ETA this really is the saddest thing i have read in a while , but only due to the attitude of some towards species they do not understand and seem to think are lesser beings


----------



## x_Living_Dead_Girl_x

ami_j said:


> exactly! would also be interested to know what happened to the poor things before you got them as I have had a fair few rats and none have bitten me even the rescues i got that had been treated awfully. just because this is a reptile site and rats are food for a fair few of the species on here doesnt mean they are any less of an animal, with feelings and they can feel pain. Yes its sad what happened to your beardies but ive had a beardie and rats many years and never had this happen because all of my animals are kept securely. would you react like this and want to stamp on your dogs head if had hurt one of the beardies (dno if you have a dog its an example)
> 
> ETA this really is the saddest thing i have read in a while , but only due to the attitude of some towards species they do not understand and seem to think are lesser beings


:notworthy: Zoo-man and yourself said exactly what I was thinking.


----------



## MP reptiles

RIP Beardies, i have always loved beardies because they have such a big personality , i hat eseing them pass away or die it always seems to leave a gap empty


----------



## chondropython

x_Living_Dead_Girl_x said:


> :notworthy: Zoo-man and yourself said exactly what I was thinking.


 Fully agree and what shocks me more is people keeping animals that dont realise what theyre capable of :gasp::crazy:

So as for dropping them off high places etc these people who think this way shouldnt keep animals in my opinion of any description .... 

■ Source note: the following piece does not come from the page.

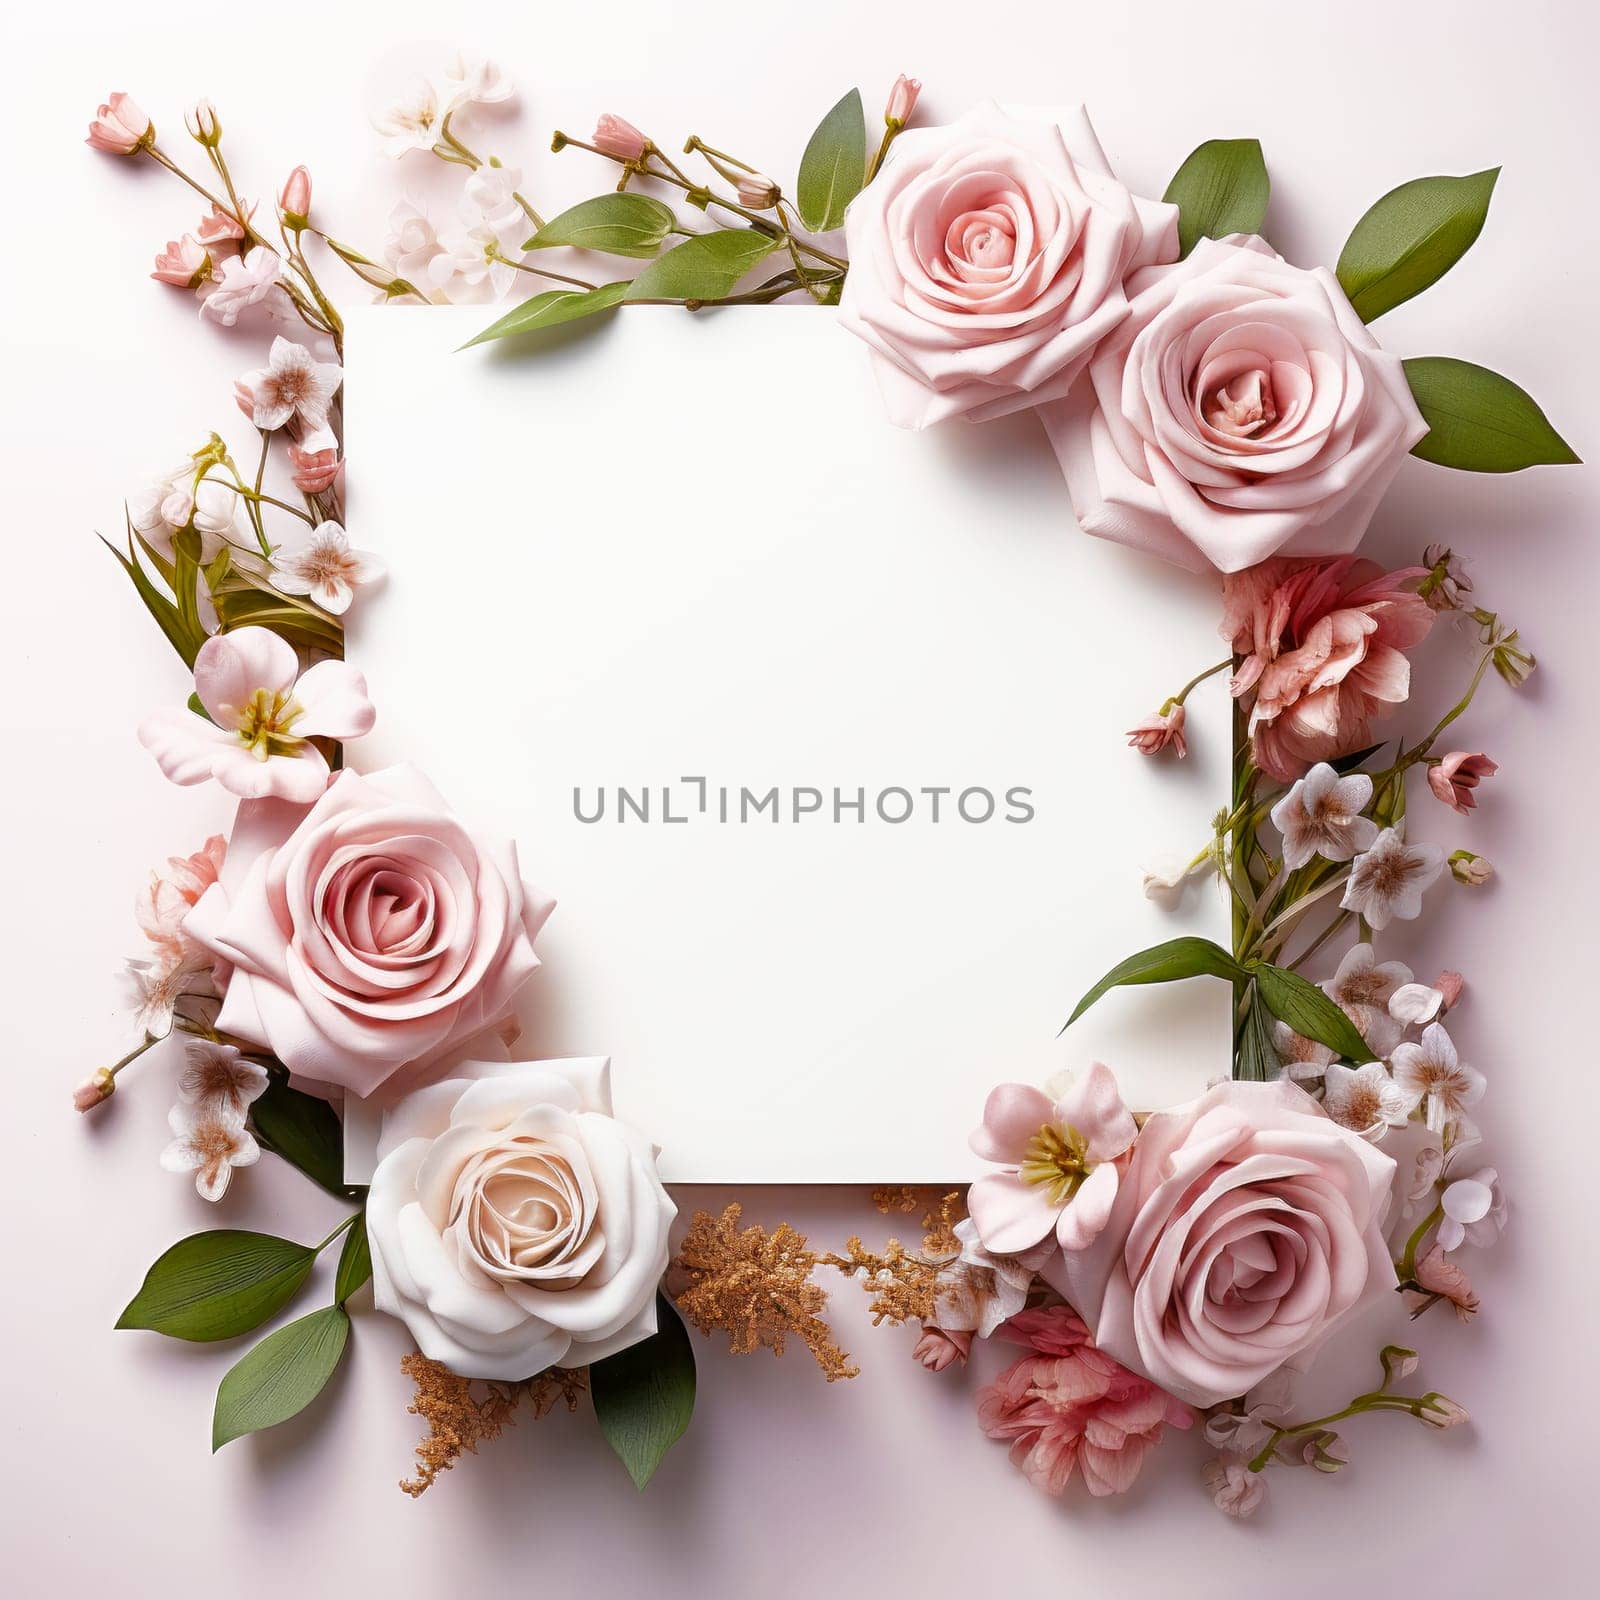 Frame of roses, set of roses and flowers floral wreath or picture invitation greeting card mockup by NataliPopova

I keep birds of prey that hunt and kill animals and nearby i have my working ferrets , both have the capabilities of killing each other and although theyre trained to work with each other it is my duty as a responsible animal keeper to keep them away from each and to make both their respective housing SAFE .


----------



## Shell195

Zoo-Man said:


> Sorry, but basically this is no-ones fault but your own! Rats are expert escape artists, so their housing should have been secure. Same goes for your Beardies viv, it should have been secure enough to keep them inside (as well as the heat) & other animals out! You cant blame the rat for your failings! Rats are prey animals, & when cornered by a predator, they will fight for their lives. Many a snake has been killed by idiots who feed live rats to them. Basically you shoudln't have obtained rats if you don't like them & obviously can't house them properly.
> 
> As for the sickos saying "I'd stamp on the rats head" etc, grow up!





ami_j said:


> exactly! would also be interested to know what happened to the poor things before you got them as I have had a fair few rats and none have bitten me even the rescues i got that had been treated awfully. just because this is a reptile site and rats are food for a fair few of the species on here doesnt mean they are any less of an animal, with feelings and they can feel pain. Yes its sad what happened to your beardies but ive had a beardie and rats many years and never had this happen because all of my animals are kept securely. would you react like this and want to stamp on your dogs head if had hurt one of the beardies (dno if you have a dog its an example)
> 
> ETA this really is the saddest thing i have read in a while , but only due to the attitude of some towards species they do not understand and seem to think are lesser beings





x_Living_Dead_Girl_x said:


> :notworthy: Zoo-man and yourself said exactly what I was thinking.





chondropython said:


> Fully agree and what shocks me more is people keeping animals that dont realise what theyre capable of :gasp::crazy:
> 
> So as for dropping them off high places etc these people who think this way shouldnt keep animals in my opinion of any description ....
> 
> I keep birds of prey that hunt and kill animals and nearby i have my working ferrets , both have the capabilities of killing each other and although theyre trained to work with each other it is my duty as a responsible animal keeper to keep them away from each and to make both their respective housing SAFE .


 

I agree with all of these posts:notworthy:


----------



## Mrs dirtydozen

what a bunch of lossers 

to the idiot that wants 2 stamp on the rats head or the other one wanting 2 drop it off a building i would like 2 see that happen 2 u.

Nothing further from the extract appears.